How can I set the margins to be used by my printer when printing a string?


----------



## Snake~eyes (Apr 18, 2002)

what language?


----------



## fpat (Nov 4, 2000)

VB 6


----------



## TimCottee (Oct 10, 2001)

I think you need to explain a little more what you actually want. Generally speaking you don't need to control the margins as such you just need to ensure that your string is correctly positioned within them on the page. Can you post a segment of the code and explain what it is that you are trying to do. Then we can certainly come up with an appropriate solution.


----------



## fpat (Nov 4, 2000)

I am really trying to find a way to add a Page Setup dialog box like that used in Word. It lets you set page margins and size, among other things that the Printer dialog box does not.


----------



## thecaptainjs (Jun 14, 2002)

I want to do the same thing. 
Here is the problem. 
I am trying to print something from a text box (VB6 by the way)
when the printer prints it, it has to lineup with the form its printing on
When i go to other printers (other then the one i am using), the margins are screwed up, they are to small. So i want to set the margins so that everything fits. Please help I am at a loss here
printer.setwidth, and the rest of those controls arent doing anything. I may just not know how to use them, but HELP!!!


----------



## briankm (Jun 12, 2002)

When using the VB6 Printer object: Use the Printer.CurrentX property to set where the text is to appear from the left edge; and use the Printer.CurrentY property to set where the text is to appear from the top edge. If you want better control, you can use the WIN API's or a third party printer control.

Brian


----------



## thecaptainjs (Jun 14, 2002)

Well the currenty is working great, but the currentx is only working for the first line, any ideas?


----------



## briankm (Jun 12, 2002)

thecaptainjs,

Here's how you can use CurrentX, CurrentY, TextHeight, TextWidth, ScaleHeight and ScaleWidth of the Printer object in VB to print on a printer (which is not always the best way to do printing). This method is best when you need to print onto a pre-printed form. For straight text output, you may just want to write to a temp file and shell to notepad....

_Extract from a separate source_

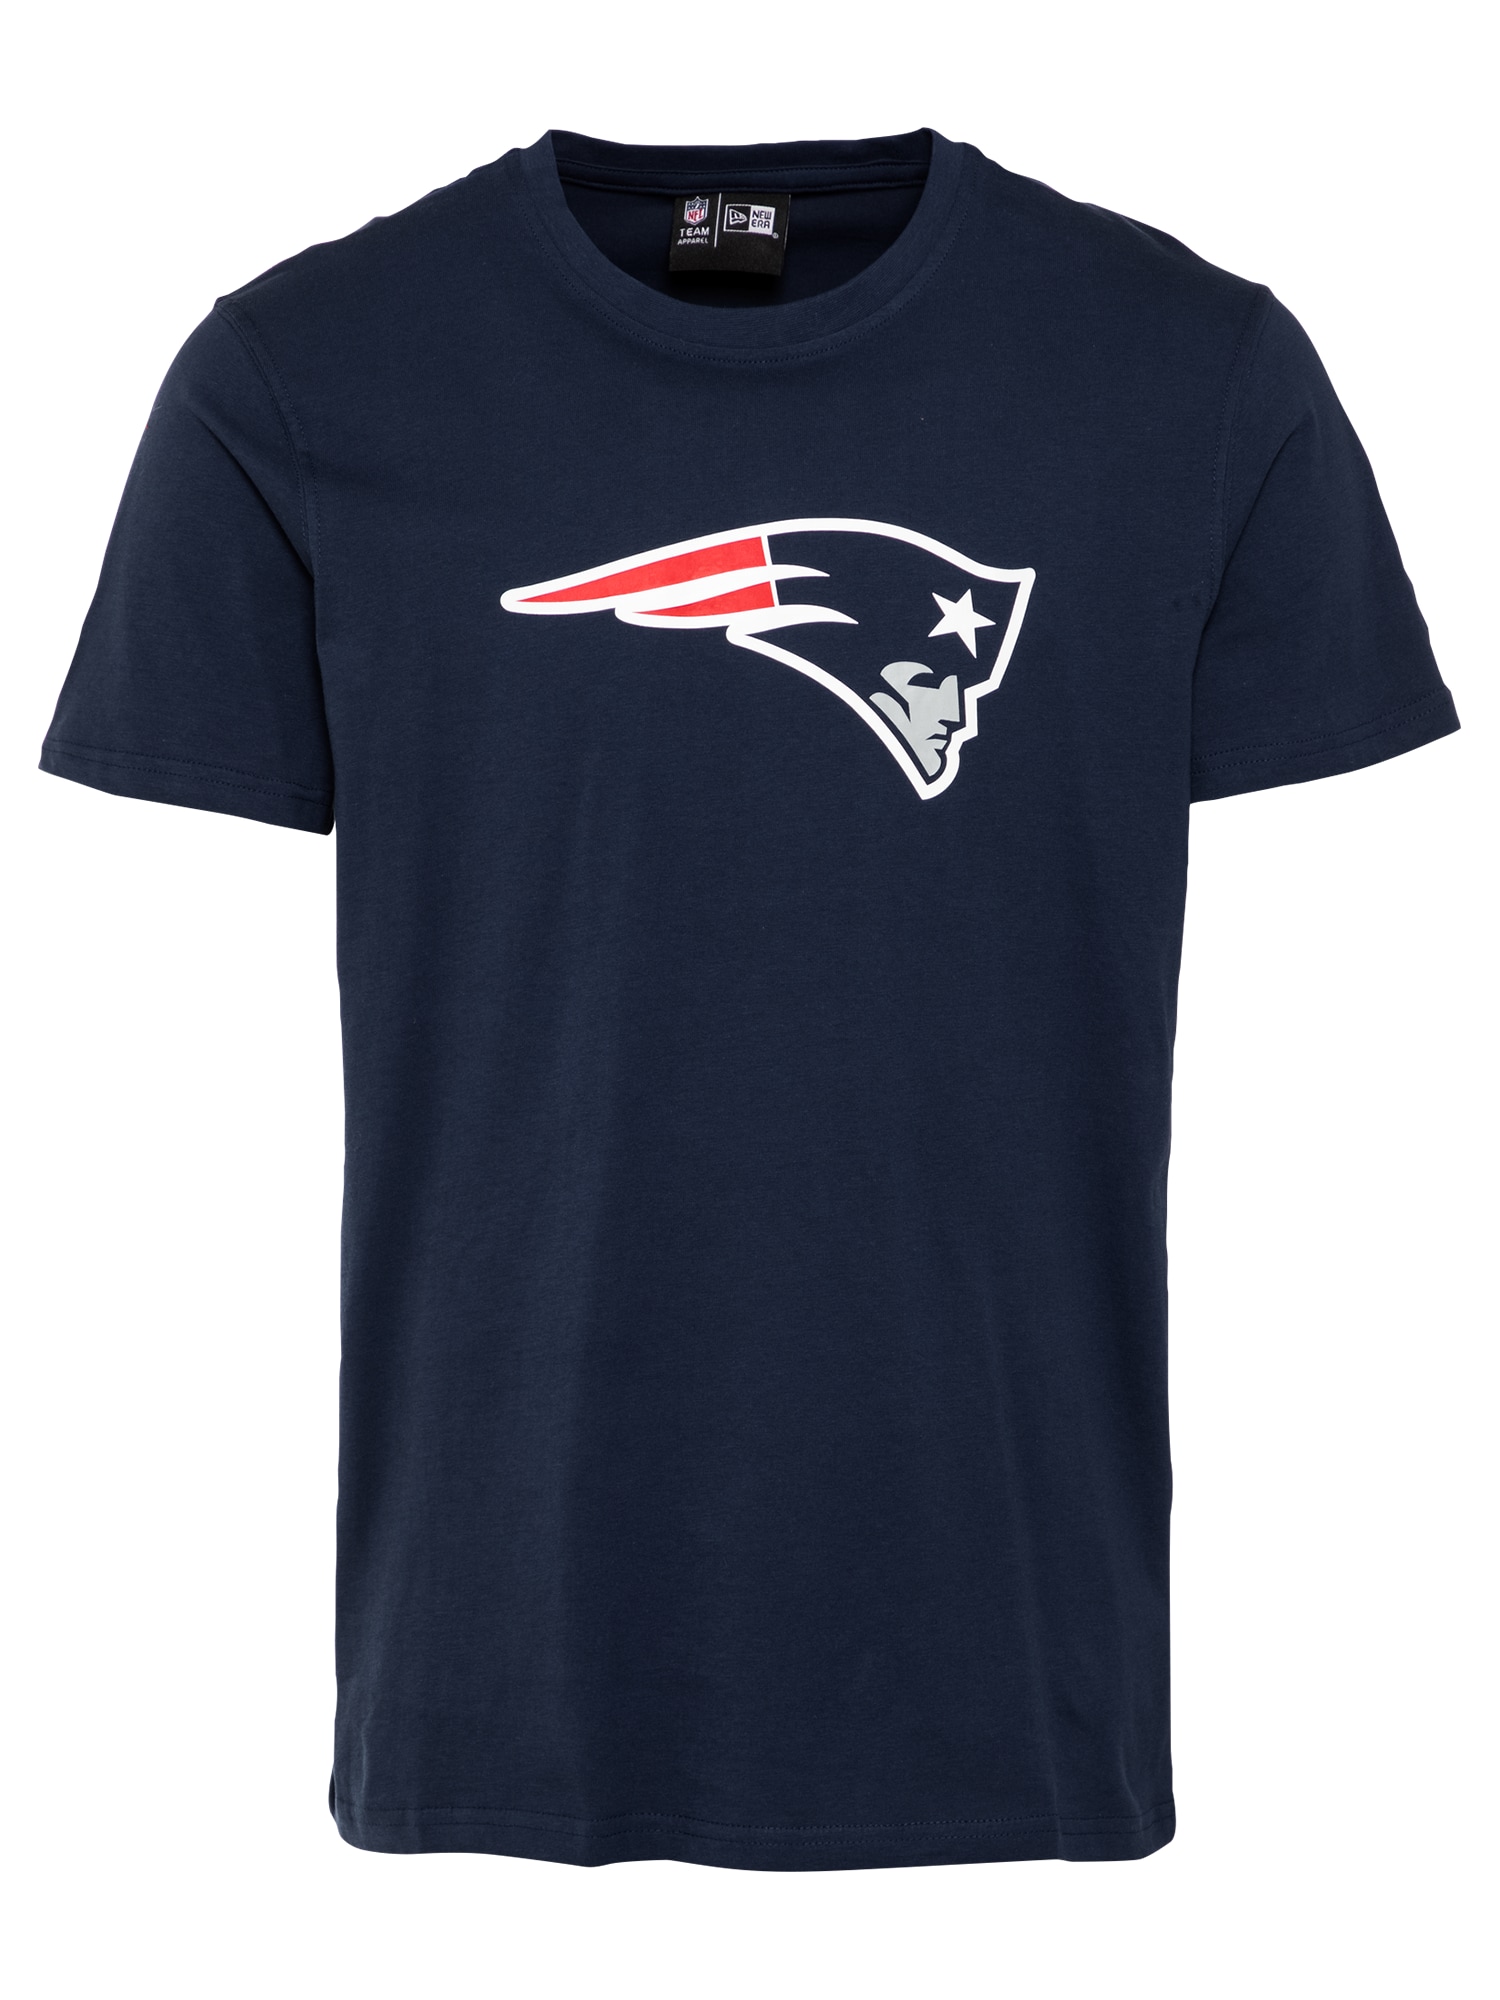 Shirt 'New England Patriots' new era

CurrentX and CurrentY are used to position the pen point for graphics and print output on a form, picturebox and the printer object. You can use the same methods and properties for each. The pen point is used for the first character when outputting text. Text will then flow from that point on. To stop at a margin, you must manually stop output and handle wrapping yourself.

====
When you Print a fragment of text, you can use the following:
1. lngNumCharsPerLine = (Printer.ScaleWidth - (lngMarginWidth *2))\Printer.TextWidth to see how many characters will print on one line for a fixed width font. For non-fixed width fonts use Printer.TextWidth(strTextToPrint) to see if the line of text will fit within your print area. Embedded CRLF's will wrap text but will print all lines after the first line at a CurrentX = 0;

2. After printing a single line of text, use Printer.CurrentY = (Printer.CurrentY + Printer.TextHeight) to set your new CurrentY and reset your Printer.CurrentX = lngMarginWidth; and

3. When Printer.CurrentY >= (Printer.Scaleheight - (lngTopMargin + lngBottomMargin)) then you are onto a new page.


As a tip, write a generic Function to print all the lines of text, and another to Draw lines, etc....

Brian


----------